Acribbs/tRNAnalysis

identified fragments are few and with non-normal length distribution

Opened this issue · 5 comments

Hi Adam,

if my method of getting the sequences of the identified fragments from the fasta file was correct, there might be something off in my application of the pipeline. I was not able to find any procedural errors, and also the standard output looks sensible at least.

However, the individual fragments produced are only a small fraction of what we identified using the MINTmap pipeline, and I noticed an interesting distribution of fragment lengths (see attached PDF).

nchars_seqs.pdf

Specifically, there are no fragments detected in certain areas where we usually see quite a lot of tRFs, such as 16-19 and 21-25. I am not sure how this can be rectified, but if you're interested I am attaching, of only one of the samples, the modified BED (extended by the sequence and MINTplate via my method) and the corresponding columns of the raw count tables resulting from the tRNAnalysis pipeline and the MINTmap (only the "exclusive" fragments) pipeline; maybe you can get some clues as to what I did wrong.

sample_40039_files.zip

Kind regards,
Sebastian

Hmm thanks for this. I will investigate further. You may not have done anything wrong and it could be due to conservative filtering/mapping implemented in our pipeline.

We tested our pipeline using our own data and an example online dataset and didn't observe that unusual distribution.

I will be away travelling for quite a lot of July but my student can have a look at this while im away. I suspect it could be down to the mapping procedure or filtering.

Do you have a small test input file I could use to investigate further (maybe a random downsampled file?)

No problem, thanks for looking into it! I have hundreds of samples from different experiments, just tell me exactly what would suit your purpose (i.e. approx. how many reads, how many samples, from the same experiment or different ones, we also have different read lengths..). Then I'll upload it in the coming days.

Kind regards,
Sebastian

Any file would do, maybe downsampled to a million reads.

My feeling is that it is related to the mapping step:

statement = """bowtie -n 3 -k 1 --best -e 800 --sam %(index_name)s %(fastq)s 2> pre_mapping_bams.dir/%(fastq_name)s.log |

Because I tested the code using quite short read sequencing and I think that specifying such a tight threshold for quality and setting -e 800 has removed some reads of certain length and could explain the unusual distribution.

BW,
Adam

subsample.fastq.gz

it is a human sample, from whole blood, already quality filtered with flexbar. hope this works!

kr, sebastian

Hi Sebastian,

Thanks for the sample.

The first thing I can say about your sample is that it doesn't have that many tRNAs in comparison to other data that I have seen.
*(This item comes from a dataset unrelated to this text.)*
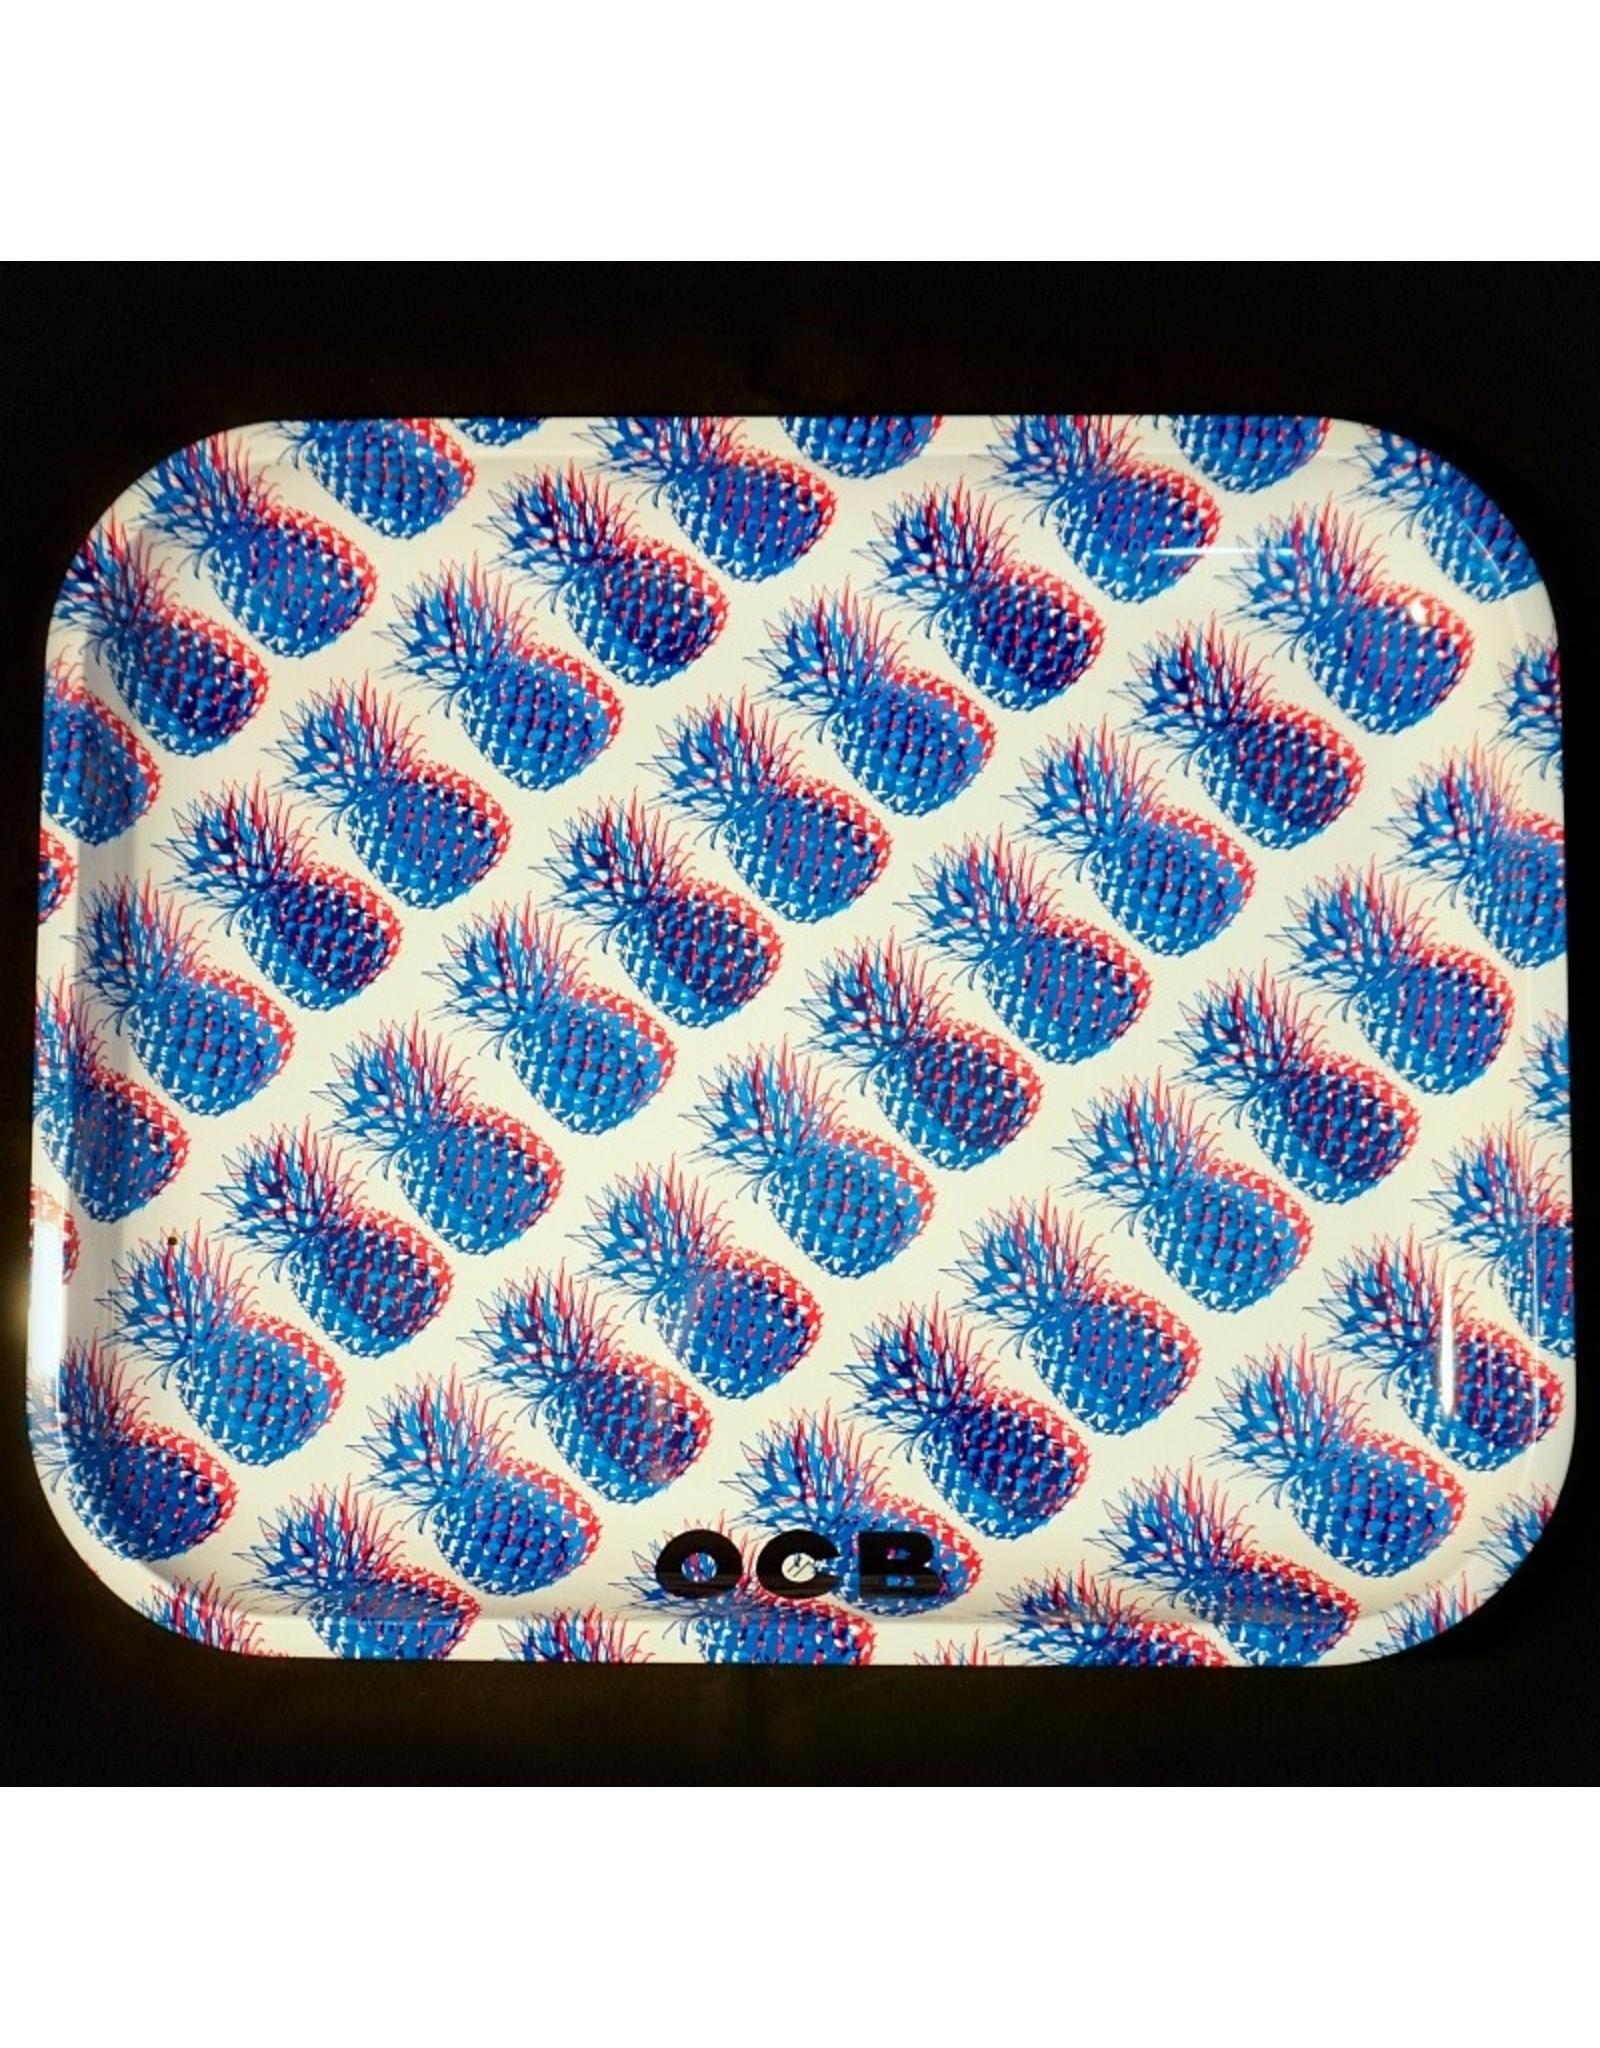 OCB OCB Pineapple Rolling Tray - Large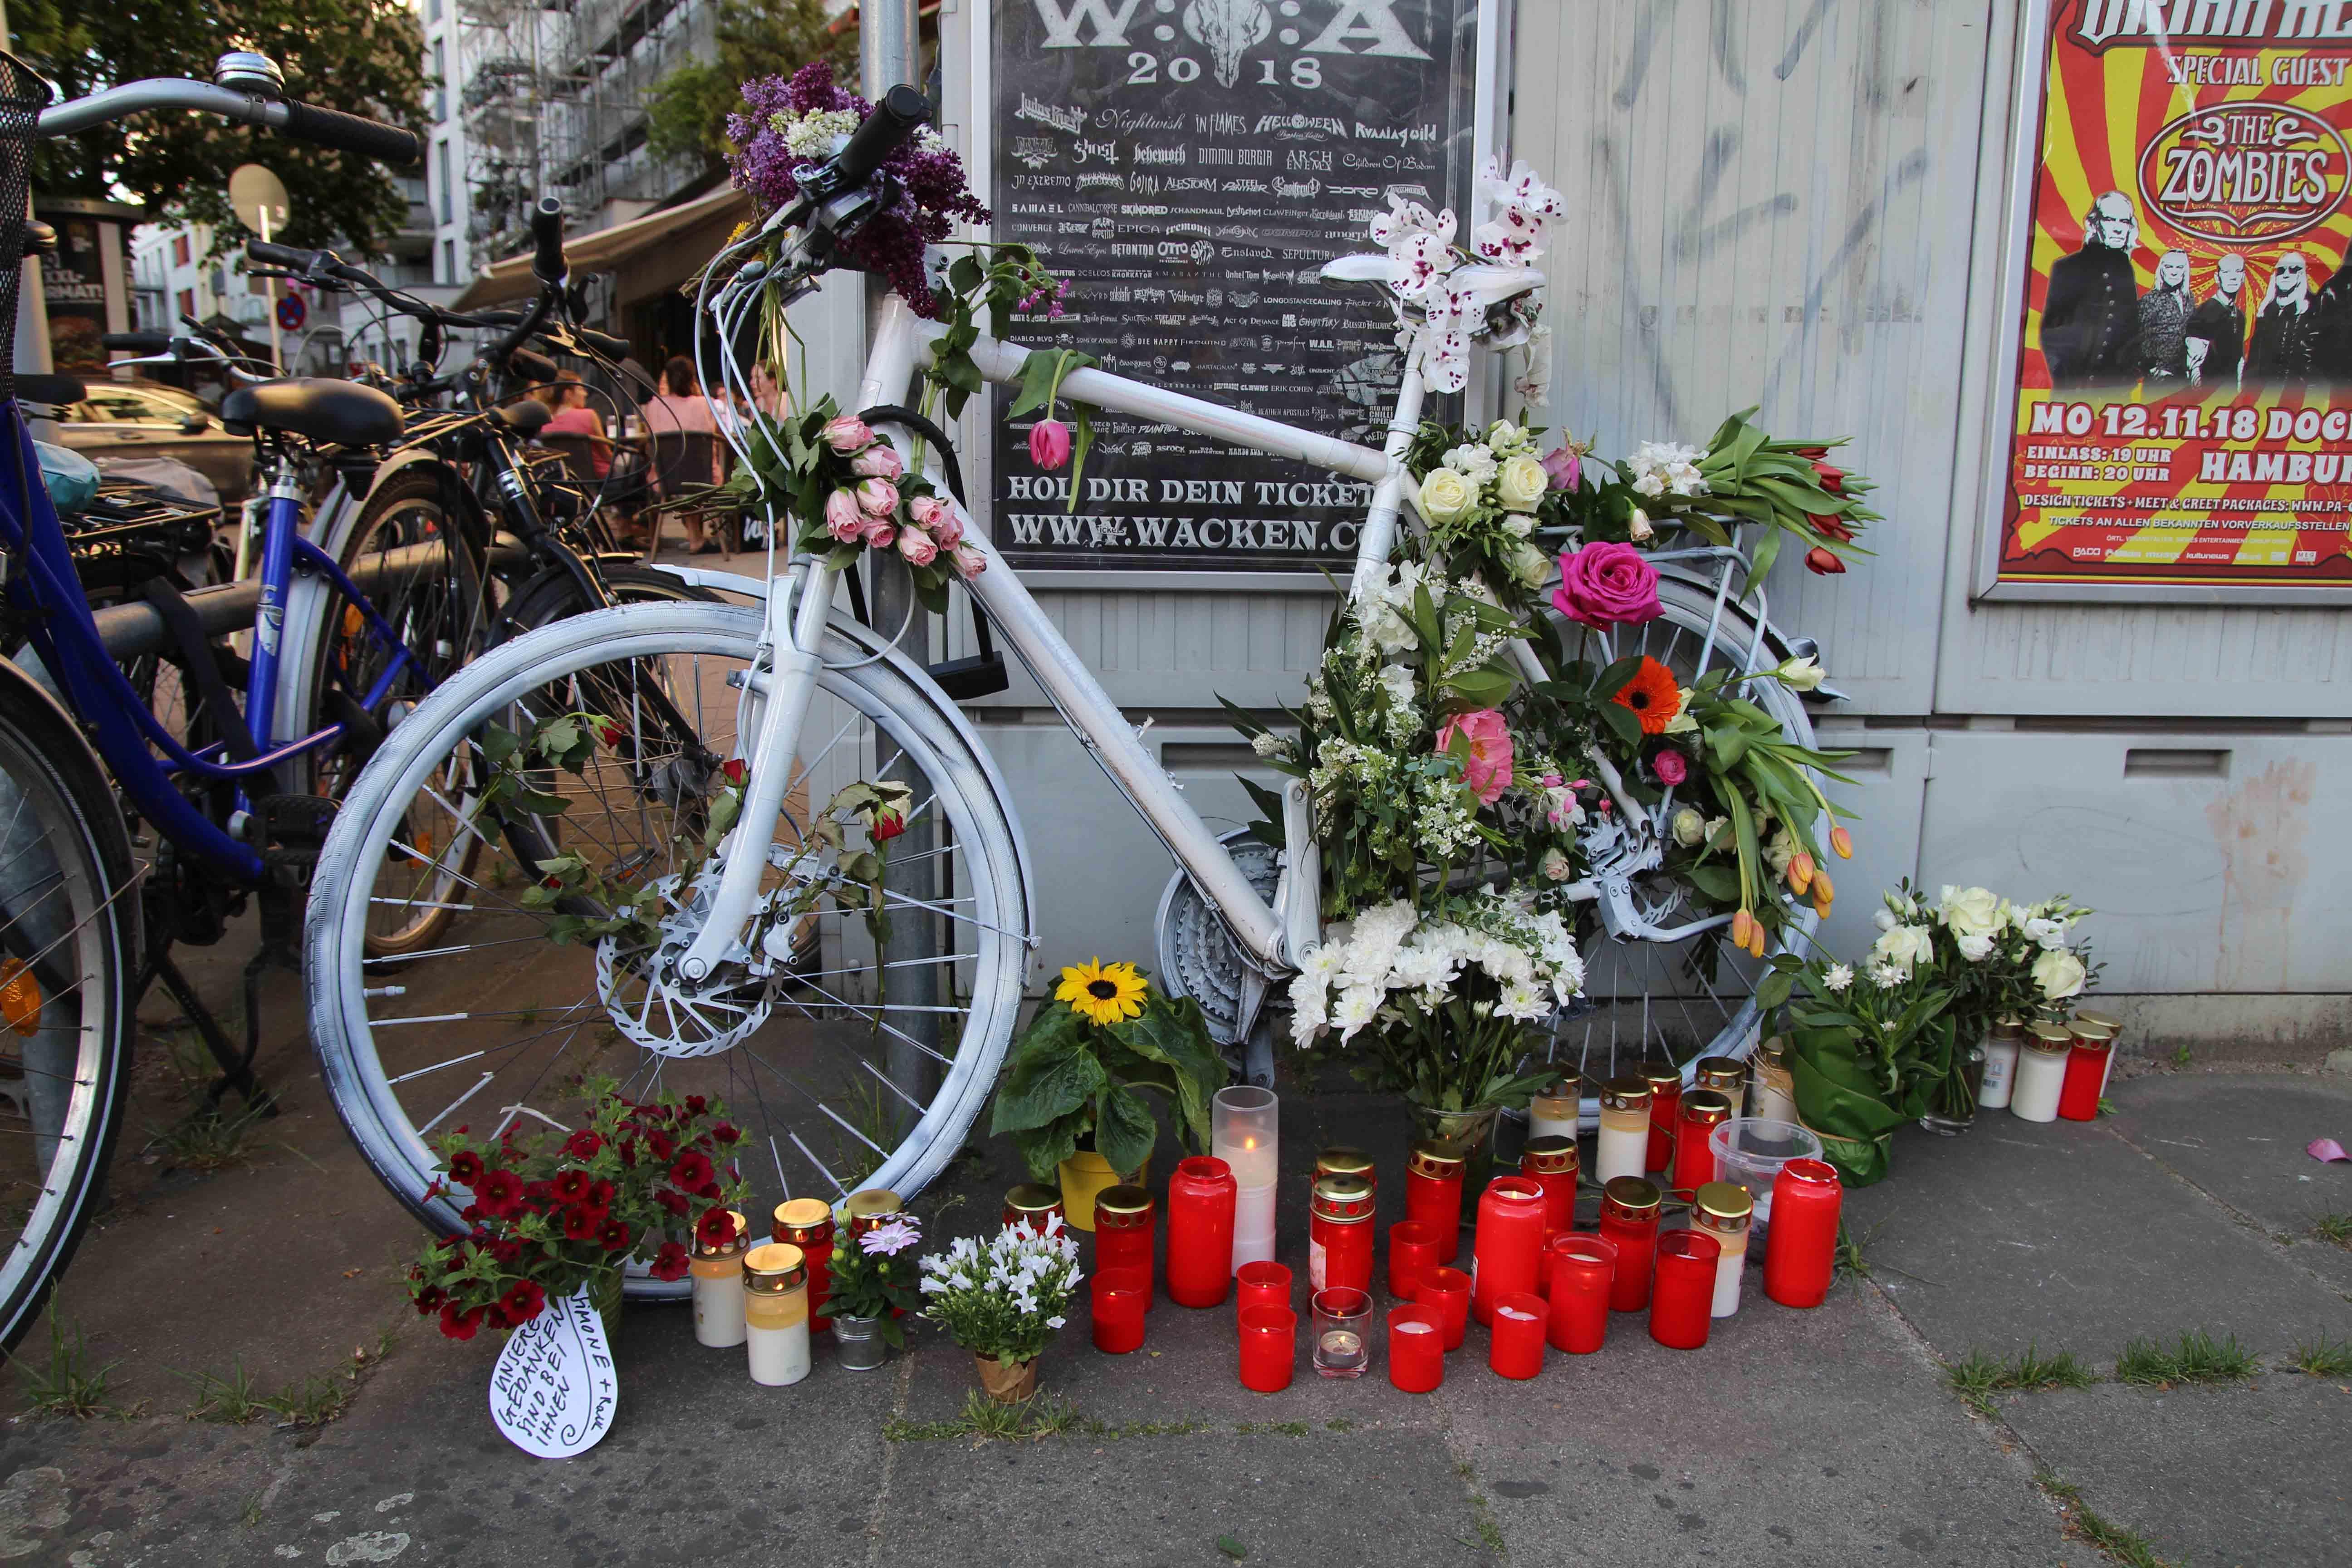 Frau stirbt bei Verkehrsunfall in Eimsbüttel   FINK.HAMBURG

I ran benchmarking between MINTmap and tRNAnalysis and both cases there was quite a small proportion of the reads actually counting to tRNAs, quite a lot to miRNA though.

I have been benchmarking the alignment and I have improved the alignment for bowtie and I am now able to call twice as many tRNAs before. Also, when I look at the most significant expressed tRNAs they correlate well with MINTmap. I have made a push to the main repo so that bowtie can now be parametrised so the user has more control over the mapping options. I suspect this may have to be set for individual datasets given that the quality of mapping will depend on the distribution of the library.

I am now looking further into the fragment analysis.

I haven't seen many major issues when comparing with fragments between MINTmap and tRNAnalysis. However, I have noticed that there are some features in our bed file that are duplicated for certain tRNAs, but I wouldnt have thought that it would make too much of a difference. I will look at this when I get back from holiday and get back to you.